Pour Patrick Blondey, un habitant de Dole dans le Jura, c’était une évidence, une dernière preuve d’amour. Sur la tombe qu’il a déjà fait installer pour son futur départ, un nom devait absolument figurer à côté du sien : celui de son chien, son fidèle compagnon.
Cet homme de 68 ans, qui vit seul, le dit avec une émotion poignante : « C’est lui qui m’a sauvé ». Un hommage essentiel pour celui qui a partagé sa vie et pansé ses solitudes. Pourtant, ce geste si simple en apparence s’est heurté à un mur administratif et légal inattendu, transformant son souhait en un parcours semé d’embûches.
Un dernier hommage très personnel
Anticipant les démarches pour ses funérailles, ce retraité a choisi une concession au cimetière et un monument qui sort de l’ordinaire. Loin de la pierre traditionnelle, il a opté pour une stèle en verre, une innovation qu’il trouvait originale et personnalisable. C’était l’occasion parfaite d’y graver pour l’éternité le souvenir de son animal.
La loi, un obstacle infranchissable
Sa demande, aussi touchante soit-elle, a reçu une réponse négative. La raison ? Une question purement légale. En France, la législation funéraire est stricte et les cimetières sont réservés aux humains. Inscrire le nom d’un animal sur une stèle est considéré comme une entorse à cette règle, bien que de nombreuses plaques funéraires arborent déjà des symboles de passions diverses, comme la pêche ou la pétanque.
Un combat partagé par de nombreux maîtres
L’histoire de Patrick n’est pas un cas isolé.

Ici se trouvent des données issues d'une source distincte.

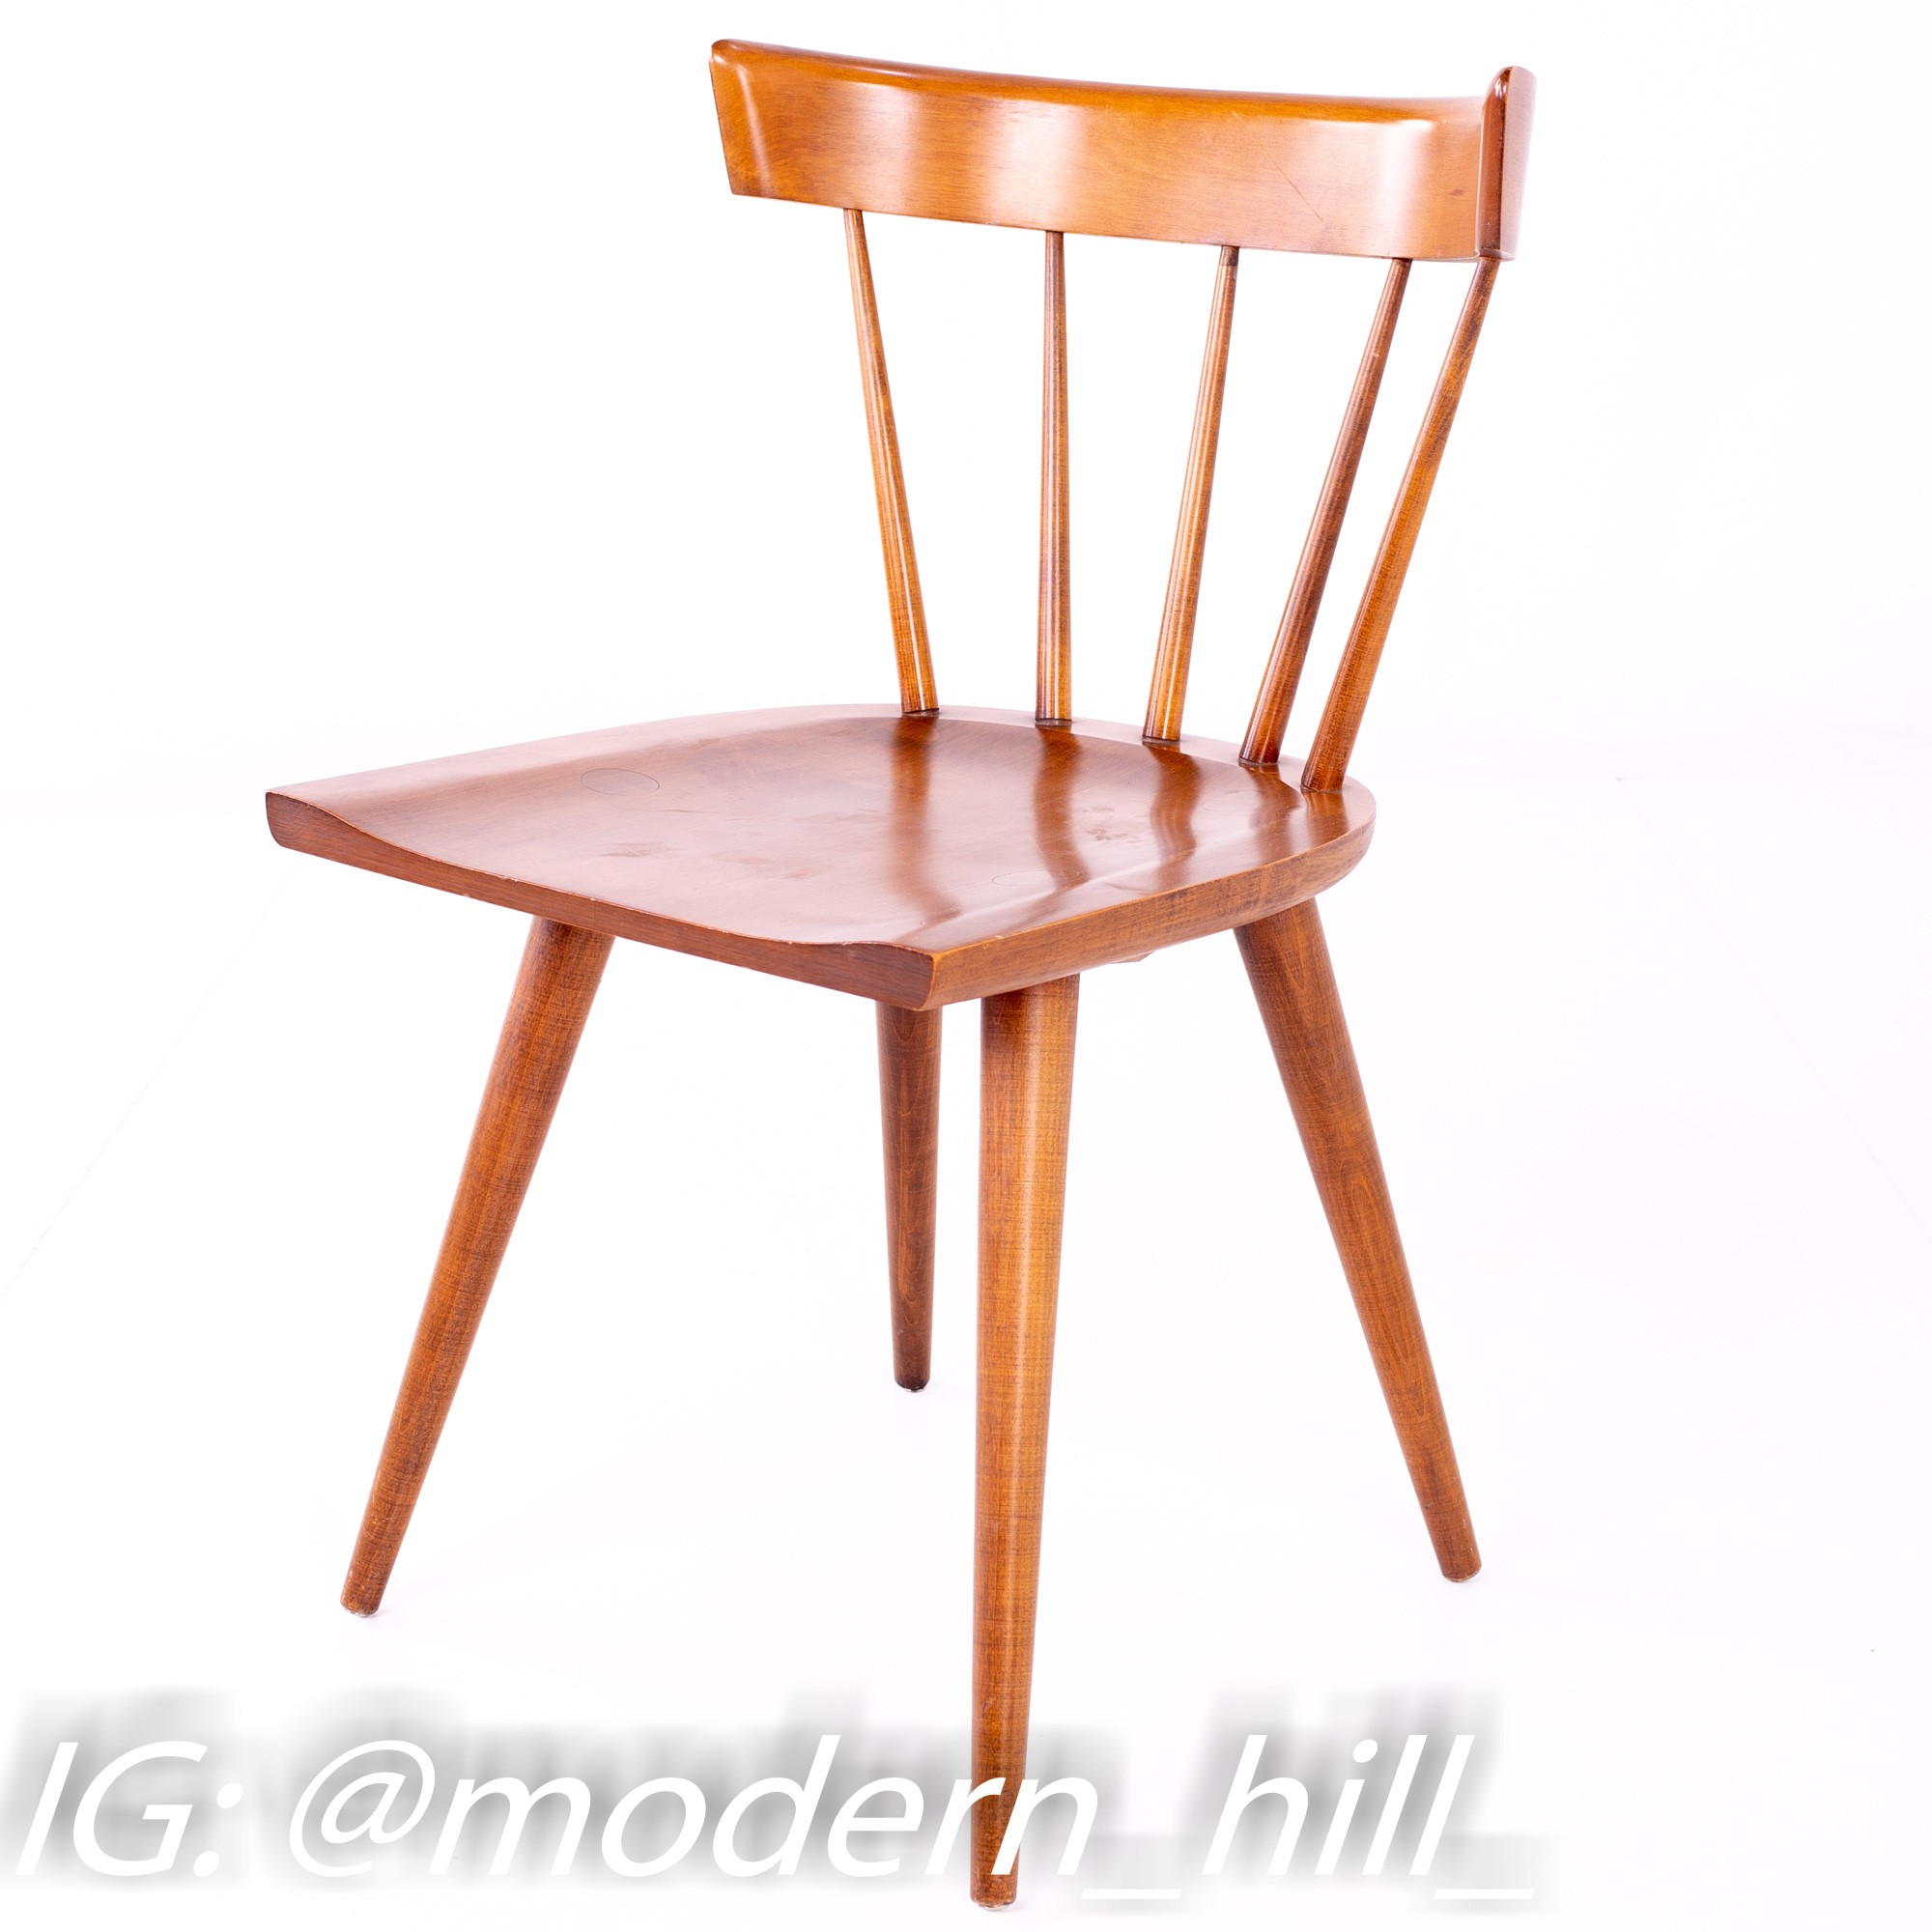 Paul Mccobb for Planner Group Mid Century Maple Dining Chairs - Set of 4

Comme le montrent de nombreuses réactions, beaucoup de propriétaires d’animaux partagent ce désir de reconnaissance éternelle. Certains souhaitent même que les cendres de leurs compagnons reposent avec eux. Seul un petit texte-hommage discret a finalement été autorisé sur la tombe de Patrick. Une maigre consolation qui laisse une question en suspens : la loi devrait-elle évoluer pour mieux reconnaître la place immense que les animaux occupent dans nos vies ?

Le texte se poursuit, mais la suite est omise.